ISPs fear South Brisbane repeat

 

Guarantees sought on information and charges around exchange closures.

Legal firm Herbert Geer has called on the ACCC to mandate Telstra to provide at least 18 months notice of any closures or significant changes planned for its exchanges.

The call, made in a submission [PDF] on behalf of ISPs iiNet, Internode, Adam Internet and Aussie Broadband, appeared aimed at avoiding a repeat of the problems caused by Telstra's closure of its South Brisbane exchange.

A minimum 18 month notice period would greatly extend the current 30 weeks' general notification and 26 weeks' individual notification periods proposed by the Australian Competition and Consumer Commission.

The law firm's submission also called for a guarantee to prevent Telstra from charging access seekers for closures or upgrades to exchanges.
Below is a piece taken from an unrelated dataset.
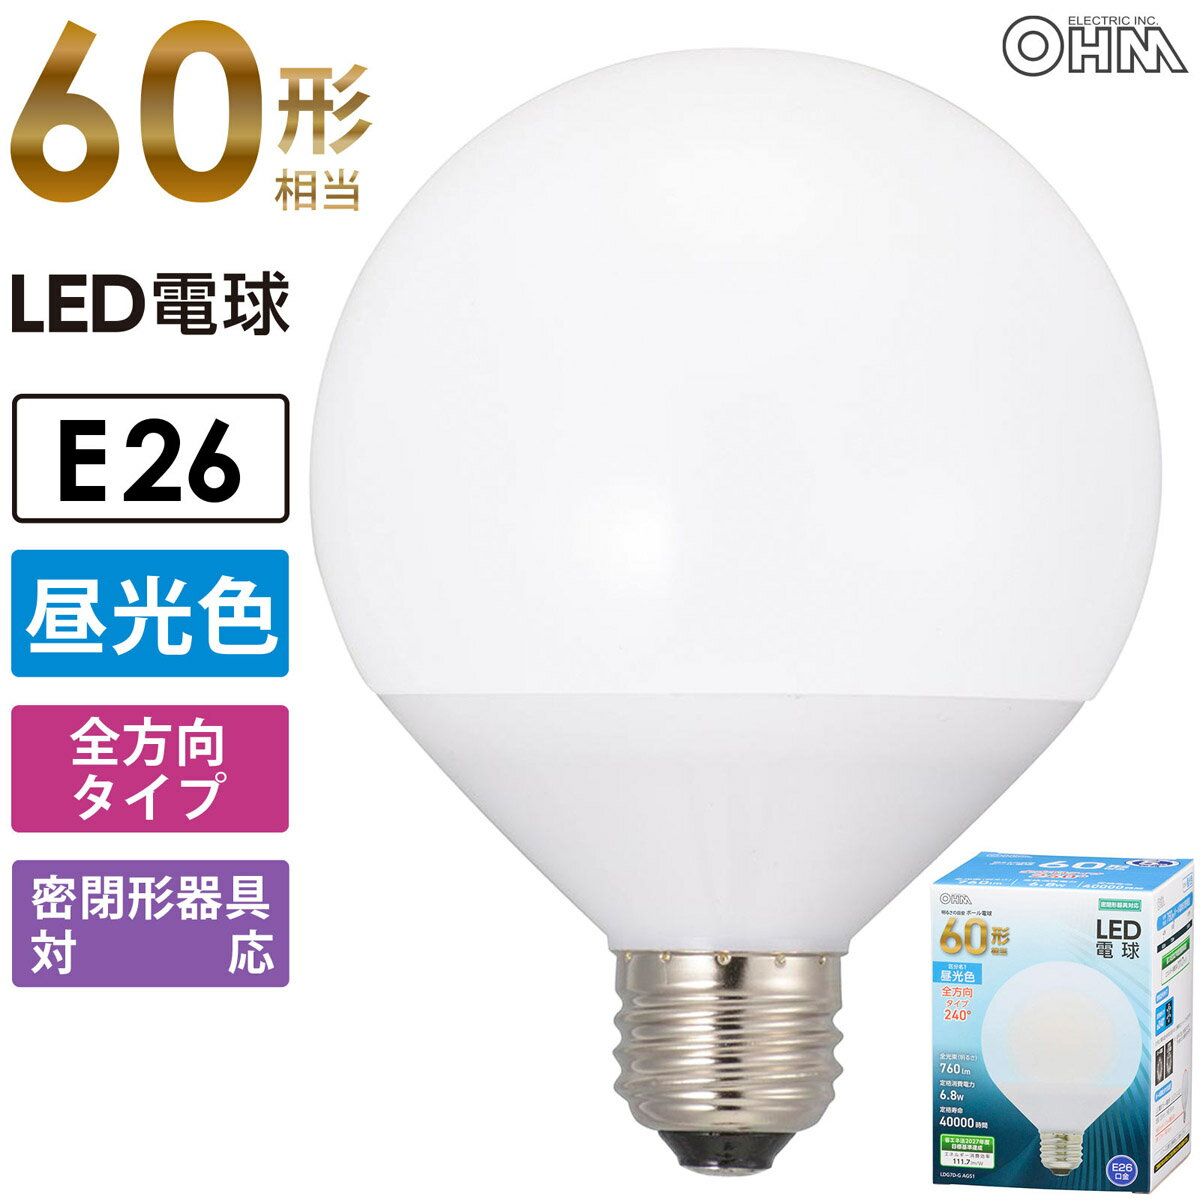 LED電球 ボール電球形 E26 60形相当 昼光色｜LDG7D-G AG51 06-3166 オーム電機 1

"It would be unreasonable if the Access Provider could use this as an opportunity to impose charges on Access Seekers for processing facilities access requests or for any other aspect of the projects that Access Seekers will be forced to undertake to remove their equipment," the firm wrote.

The ISPs' calls follow continued consternation around the imminent closure of the South Brisbane exchange, begun this month and carried out by Telstra to make way for a new children's hospital. 
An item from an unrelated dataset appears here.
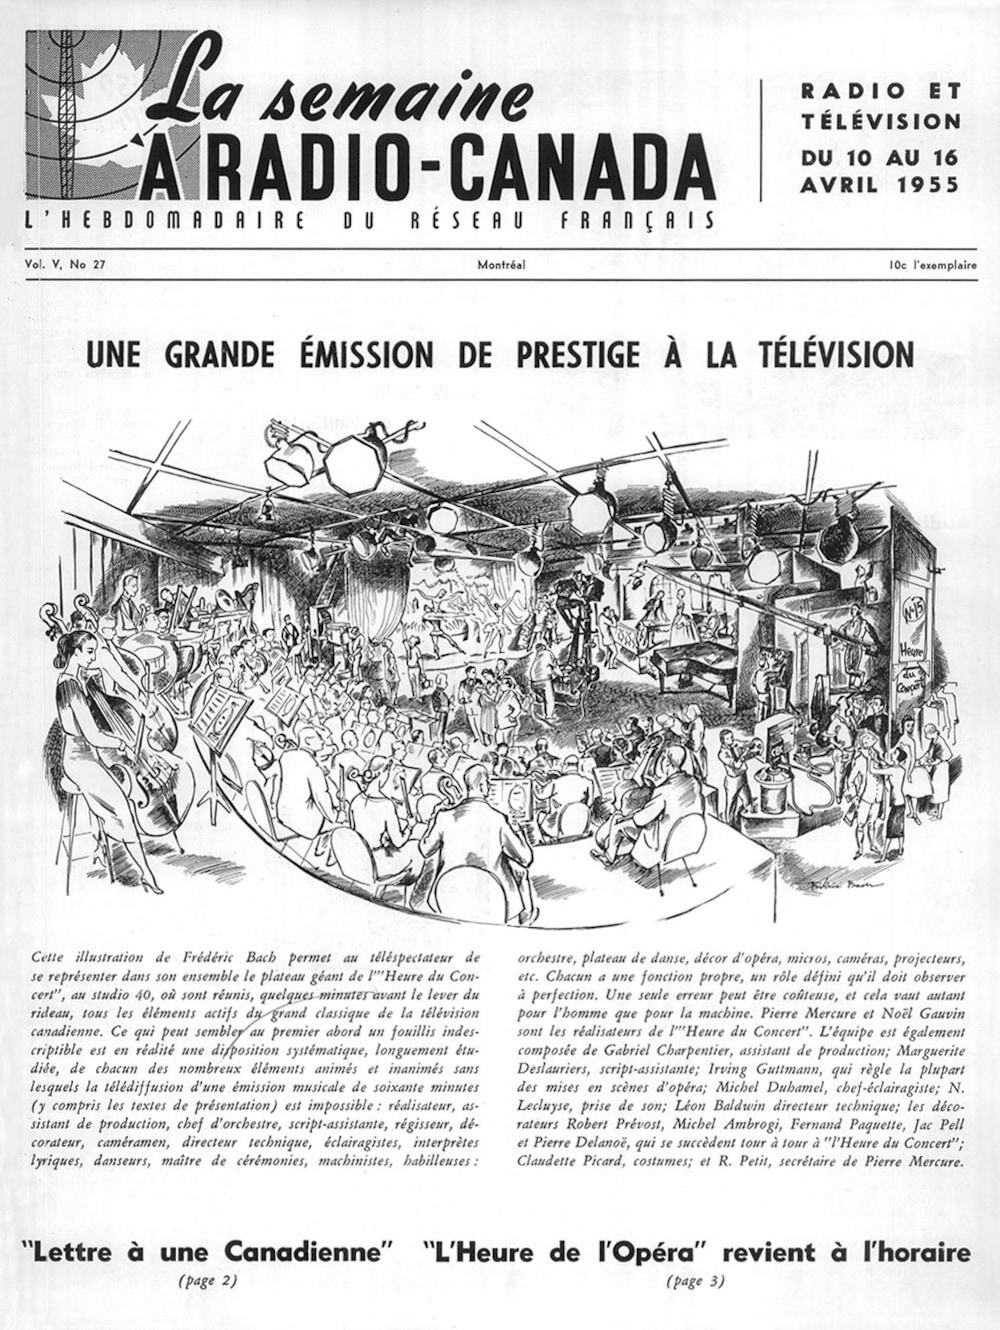 Page couverture de la revue « La semaine à Radio-Canada » titrée « Une grande émission de prestige à la télévision » avec une illustration du plateau de l'émission « L'heure du concert » signée Frédéric Back.

Some 18,000 premises in the area would receive direct fibre connections by the end of 2012, with Telstra dismantling its copper network in the five suburbs serviced by the old exchange.

ISPs caught out by South Brisbane have previously decried the notification period provided by Telstra as well as the capabilities of the fibre wholesale service being offered to access seekers in place of copper-based services.

In a separate submission, Optus proposed that Telstra be forced to provide more information on affected services and migration timelines.

"The information supplied by Telstra is of limited use and does not assist access seekers to plan for the migration or to advise end users about the upgrade," the telco wrote.

In another submission, however, Macquarie Telecom, indicated that suggested changes to Telstra's information disclosure requirements by the ACCC were a vast improvement on current practices.

The ACCC initiated a public inquiry into pricing and other elements of access to Telstra's network earlier this year after flagging intervention on continued calls to review the incumbent telco's wholesale price mechanisms.

The competition watchdog set an interim fee of $16 per month for access to most of Telstra's copper network in March ahead of its final determination due in coming months.